Wildlife Land Management Bonus for Predator Hunting

Managed wildlife properties include a bevy of reasons on why they should be considered and utilized for predator hunting, particularly for coyotes. If your property or a friend’s is sitting idle during the fur season, consider these reasons to open the gate for a predator adventure.

Wildlife Land Management Bonus for Predator Hunting

A few of you may live the mountain man lifestyle with a focus firmly on fur, but for many of us, hunting a variety of species fills our busy schedules. That means you either have hunted on or manage a property for wildlife.

Managing ground for wildlife, particularly deer, is a multi-million-dollar industry. You may not always be able to justify your personal dollar for dollar investment, especially if you’re calculating it with a venison return, but you can get more entertainment out of a property other than its intended goal of deer hunting. Make sure to use it as a primary predator hunting location too. And if you know someone with a gorgeous wildlife property, offer your predator control expertise. 

Managed wildlife properties include a bevy of reasons on why they should be considered and utilized for predator hunting, particularly for coyotes. If your property or a friend’s, is sitting idle during the fur season, consider these reasons to open the gate for a predator adventure.

Management Helps Wildlife

Any properly managed wildlife area attracts not only the intended target like deer, but it also attracts most other game species. When you add food plots for wildlife nutrition, initiate proper timber management, set aside refuge for sanctuary zones and other property management strategies, you create a Disney World attraction for everything. When other game thrives it attracts coyotes, bobcats, fox, bears and mountain lions to utilize the bounty. With a balance of escape cover, food and overall habitat, most species can thrive in a balanced way.

Create Predator Opportunities

In addition to habitat care, hunting improvements also can help your later predator pursuits. Most hunting properties include a network of stands and blinds to be used in pursuit of deer, or turkeys. These same ambush sites also work for predators stalking the very game you stalked earlier.

Edge stands, interior treestands and ground blinds in openings all have potential as a hide while you try to call in a predator. After a late-season whitetail hunt I spent a few extra days on my buddy’s farm to coyote hunt.
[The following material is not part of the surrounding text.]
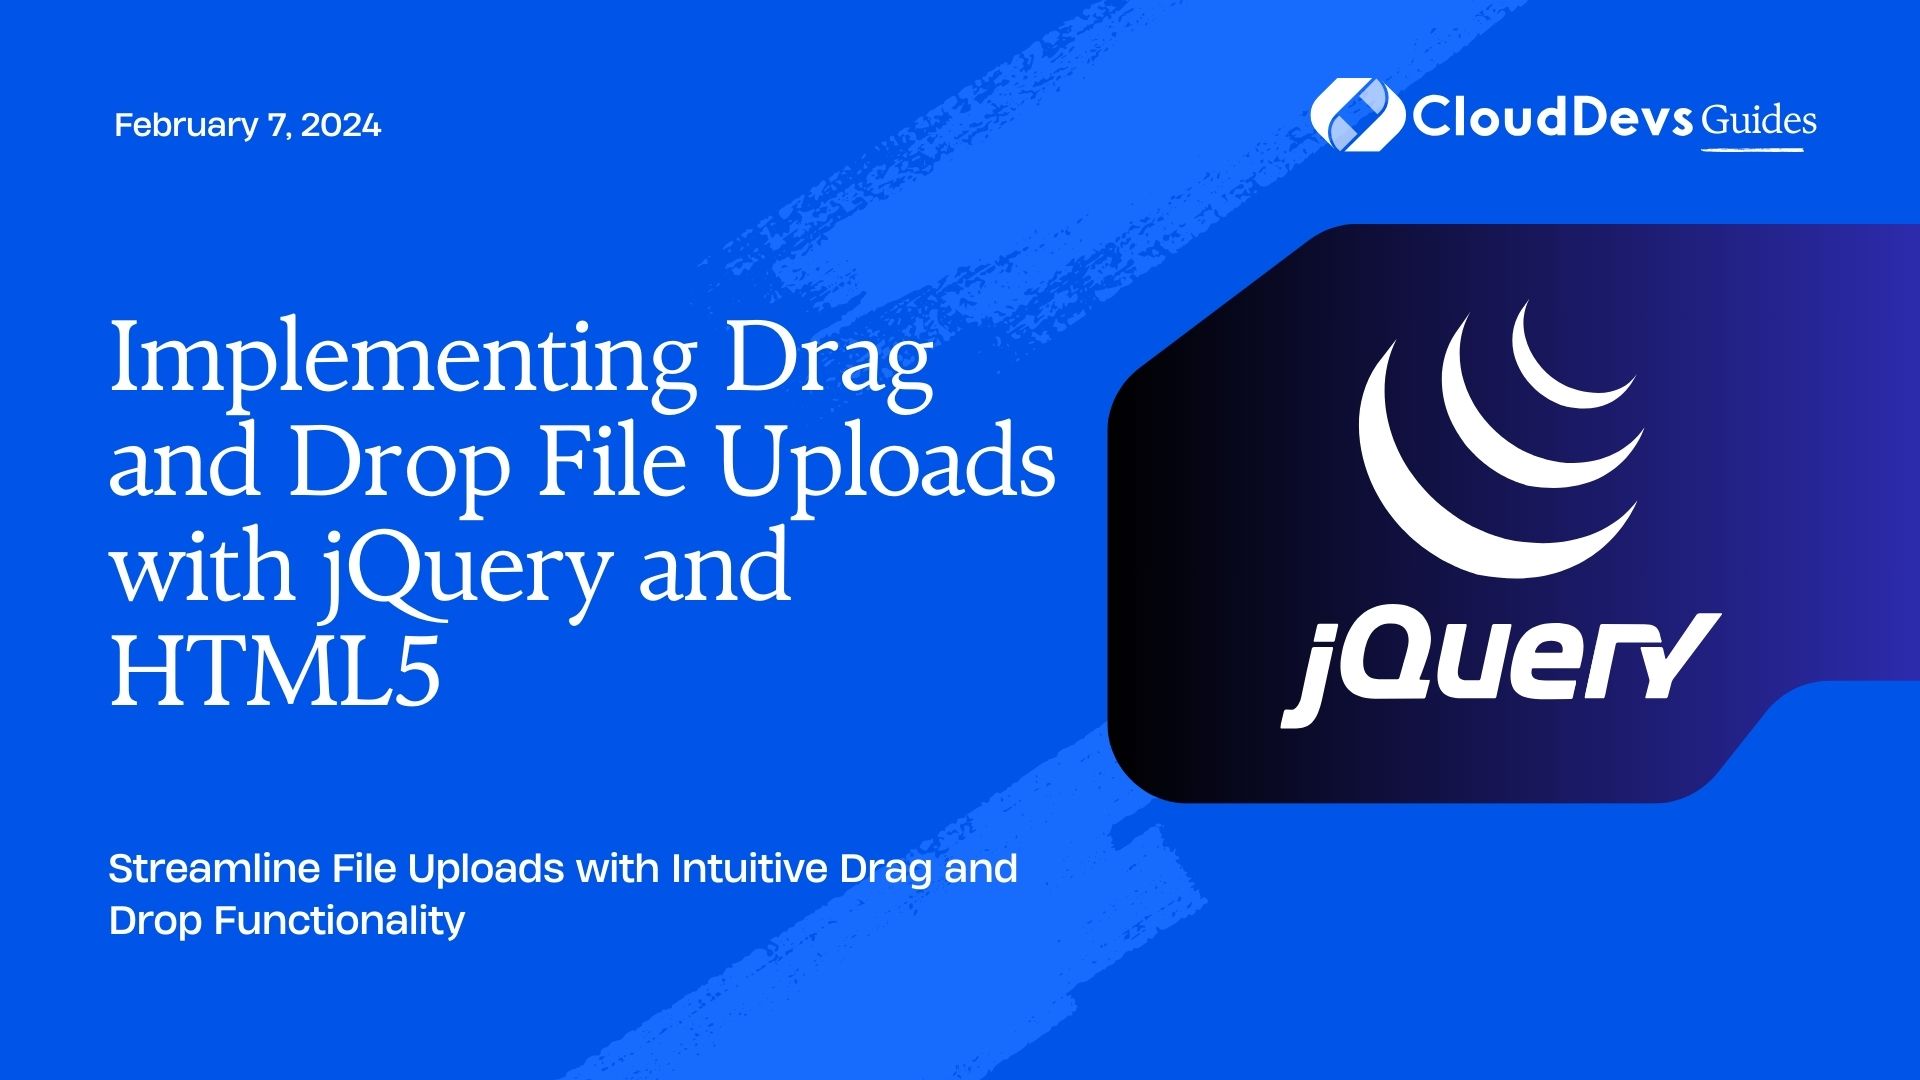 Implementing Drag and Drop File Uploads with jQuery and HTML5

Several times I set the caller out in sight of a permanent blind, along with a dose of coyote urine and used the hide for a comfortable set protected from the weather. And yes, I Hornady-tipped over coyotes.

Seek More Intel

Whether you hunt a managed property or your friend hunts it, someone is going to have great intel on the predator patterns across the landscape. Often those patterns will mesh with the stand network on the property. Even if they don’t someone will be able to point you in the direction of where they hear the most dawn or dusk howling, where they see bobcat tracks routinely and the trail where a fox religiously darts across a road.

On one managed property my buddy pointed to a soybean field in the dark and said coyotes always were in, and around it. After five minutes of calling I shot a curious female and 15 minutes after that another blazed in to see what was dying. It did.

Predator Hunting Helps Other Species

Finally, any predator control you can do now may help save a fawn or batch of turkeys later. It’s nearly impossible to control predators without a year-round approach. Nevertheless, quality habitat paired with predator hunting can at least curb the influence that predators may have on a property. A coyote shot late in the winter right before denning likely saves several fawns later. Plus, the fun of calling in a coyote just adds to the reason to get the most bang for your buck on a wildlife property.